We have witnessed in our generation what in principle took place before and resulted in full-scale apostasies. The Herald of Truth, "brain child" of James W. Nichols and James D. Williford, has swept hundreds of churches into digression because such efforts as "The Catholic Hour," "The Baptist Hour," and "The Lutheran Hour", cooperative arrangements of the surrounding "nations" have enticed our brethren to have something like them. It was not enough for each church to do its own radio or television preaching, but it must be done by a big centralized effort like the denominations have, promoted and steam rollered without regard to the convictions of those who oppose it. The Herald of Truth, church support of human institutions, and the social gospel ("fellowship" halls, "fellowship" gatherings, recreational activities, and youth camps, all promoted and supported by churches) have no basis in God's word. They are the bigger waters of other "nations" and a rebellion to the "waters of Shiloah." The brethren who have admired, applauded, and followed the arrangements, and losing their identity as the peculiar people of God, they now speak the "language of Ashdod." It is no wonder that some in that group are now claiming that the Holy Spirit directs them, separate and apart from the word, and even claiming to speak in "tongues." This comes as no great surprise when we consider that we are absorbed by what we depend upon. When brethren seek the "waters" of the denominations, the flood gate is lifted and the mighty waters of the denominations roll in like a gigantic tide.
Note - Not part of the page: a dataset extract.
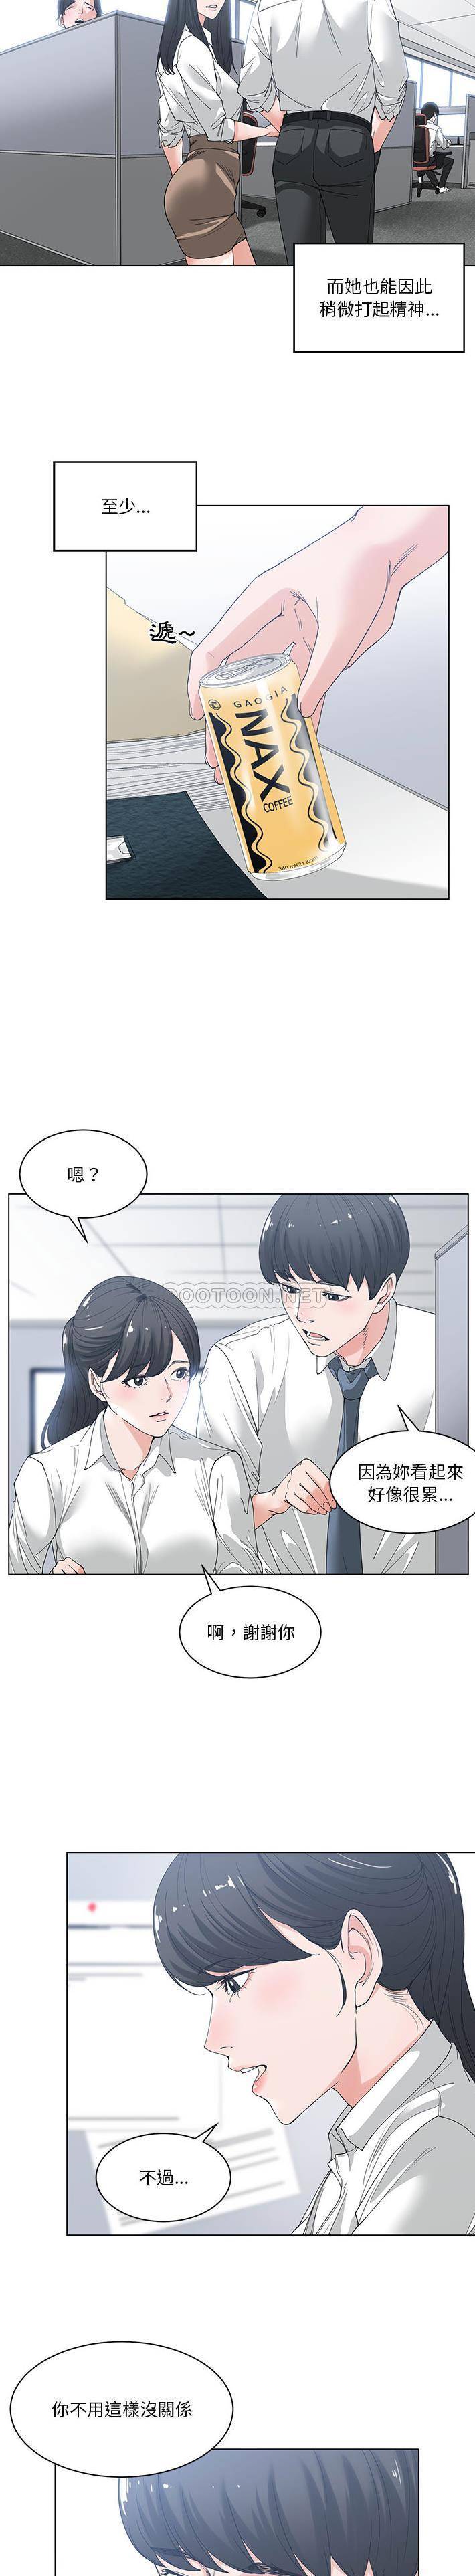 韩国污漫画 你才是真愛 第2话 9

God's word is the complete guide for the work, organization, life, and worship of God's people. Its teaching is lucid upon these matters. God's way can -not be improved upon or substituted by man. They are the "waters of Shiloah." Naaman thought that the Abanah and Pharpar rivers, the waters of Damascus, were better than all the waters of Israel and that he could wash in them and be cleansed of his leprosy (2 Kings 5:12). He was looking for something more glamorous and more spectacular than what God had provided. This is the seat of the whole problem in the church today. It is rebellion to God's authority. May we ever be content with the "waters of Shiloah" by seeking God and His will and humbly submitting to it.